А поскольку подавляющая часть членов команд уже заканчивала школу и скоро предстоял выпускной, вопросы касались и того, кто куда подастся после школы. Начали с Егорова.
– Вы, наверное, пойдёте по КВНовской лиге, попытаетесь взять Кубок Причерномории.
– Нет. Я учусь в юридическом лицее, и планирую дальше идти по специальности моих родителей.
– Вы собираетесь быть юристом? – удивилась журналистка.
– Я подал документы в Академию госбезопасности, собираюсь наводить порядок в нашей стране. Другой судьбы я не хочу.
– Вы уверены, что это ваша судьба?
– Мои родители – работники правоохранительных органов. И моя судьба была предначертана ещё до моего рождения. Как только узнали, что родится мальчик, сразу сказали, что это будущий офицер, он будет стоять на страже законов нашего государства.
– Ну а вы? – журналистка повернулась к Громову. – Вы же наверняка пойдёте в артисты. Станете ведущим, шоуменом, продолжите свой путь в КВН. Будете в студенческом первенстве, а потом и во взрослой команде.
– Я буду по ту сторону экрана. Хочу податься в тележурналистику.
– Ну как же так? Вы же прирождённый артист! Мы же так смеялись над вашими шутками! – заигрывала с ним другая журналистка.
– Ну не всю же жизнь ему по сцене скакать. Надо же и деньги зарабатывать, – внезапно решил поддержать Егоров своего бывшего соперника.
– Многие зарабатывают как раз таки на сцене, – отреагировал статный дядя из какого-то журнала об известных людях. – Вон сколько у нас звёзд эстрады и артистов разговорного жанра. Люди далеко не бедные. Вам, Саша, надо тогда ведущим, на какие-то юмористические, развлекательные шоу. Если такой талант пропадёт, будет обидно.
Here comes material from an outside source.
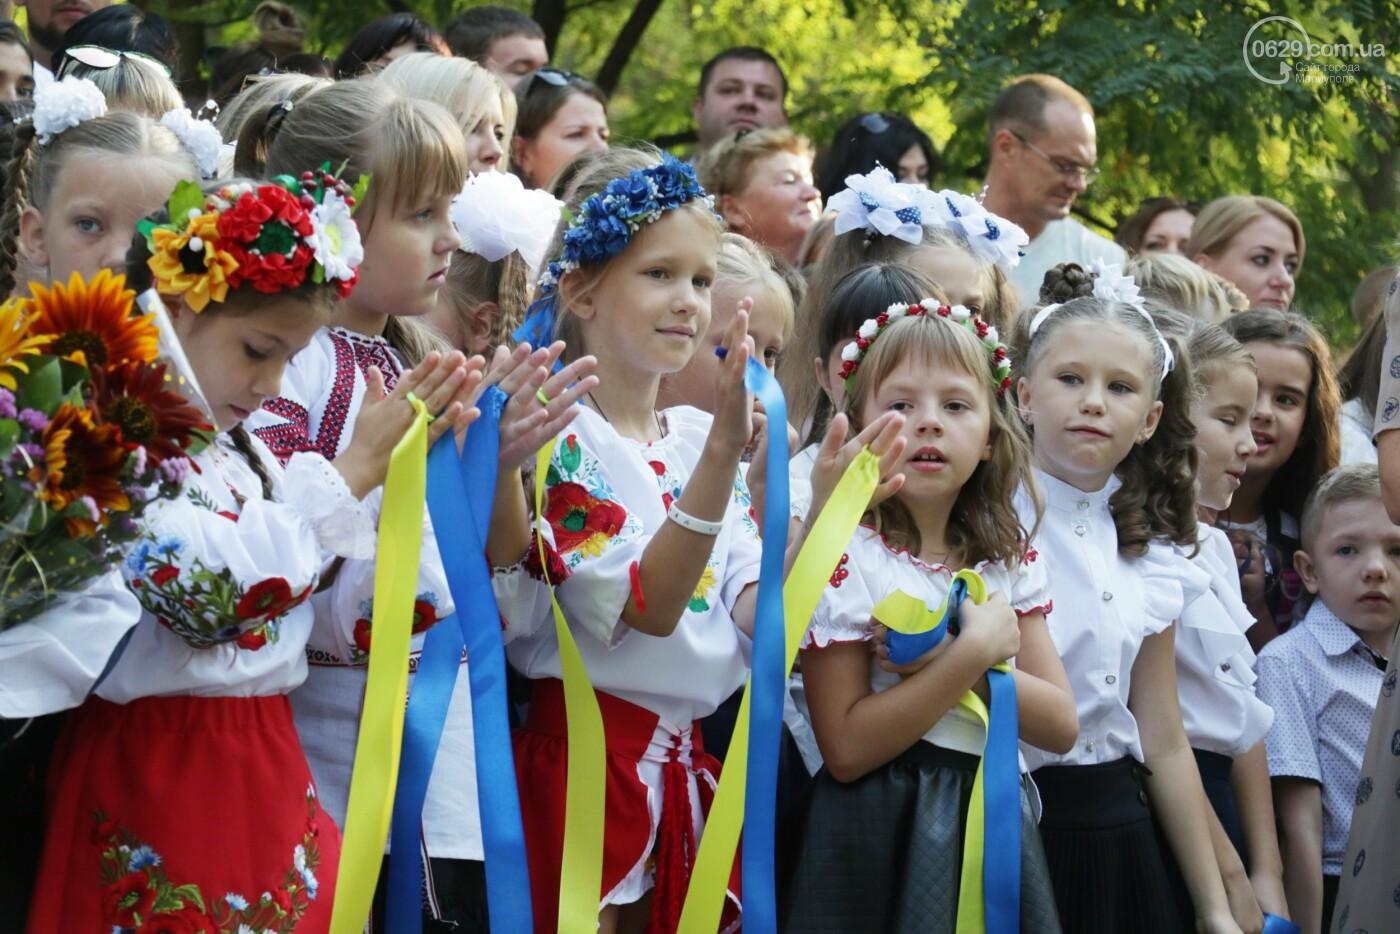 Первый звонок в Новой украинской школе: четыре тысячи первоклашек сели за парты в Мариуполе, - ФОТОРЕПОРТАЖ, фото-2

Егоров снова решил ему подыграть:
– Гром, ты всё-таки подумай. Из тебя бы вышел шикарный ведущий развлекательных передач. На сцене и перед камерой ты действительно неотразим. Равных среди нас тебе нет.
– И это заявляет человек, которые мне вчера за кулисами сказал, что его команда была объективно лучше, – Громов с иронией посмотрел на Егорова.
– Команда – да. А если сравнивать нас двоих, то на сцене ты реально лучше. Ты мне дал фору, я это признаю.
– А скажите, вы по жизни друзья или соперники? – спросила другая журналистка.
Парни пожали плечами.
– А то мы видели, как вы галантно повели себя на сцене – девушек выставили вперёд, чтобы они взяли кубки, а сами скромно себе ушли за кулисы.
– Ну потому что нам с Егоркой есть что делить, а нашим девушкам делить нечего, – сказал Громов, которому эти слащавые заигрывания уже начинали надоедать.
– Ну а если вам в жизни будет снова суждено пересечься? – спрашивала журналистка. – Мир ведь, как известно, тесен. Представьте, что вы, Саша, становитесь журналистом – и оказываетесь в структуре, где работает Кирилл. Как вы себя поведёте?
Громов с Егоровым переглянулись, пожали плечами, и Громов ответил фразой, которую произнесла ведущая городского турнира:
– Как мастера импровизаций…
Громов своё слово сдержал. Он поступил в колледж журналистики и стал осваивать азы работы на телевидении. Тогда ему, наивному выпускнику средней школы, казалось, что в журналистике всё честно, прозрачно, что там работают люди светлые и бесстрашные, которые разоблачают коррупционеров и помогают людям, пострадавшим от произвола и беззакония, восстановить справедливость.
И теперь, когда его поставили перед фактом, что он снова будет создавать для публики развлекательный контент, Громов это воспринял, с одной стороны, как издевательство, а с другой – как иронию судьбы. Он пришёл на телевидение с уверенностью, что будет заниматься серьёзными репортажами, раскручивать злободневные темы. Он развивал себя в этом направлении и, как ему казалось, делал всё для того, чтобы увеселительным контентом никогда в своей жизни больше не заниматься, потому что после того, как «победила дружба», у него остался очень мутный и никак не связанный с дружбой осадок. Теперь же Громов понимал, что если это и есть его судьба, как высказался его тогдашний работодатель, то она его таки «догнала». То, от чего он ушёл и к чему возвращаться не хотел и не планировал, возникло в его жизни снова.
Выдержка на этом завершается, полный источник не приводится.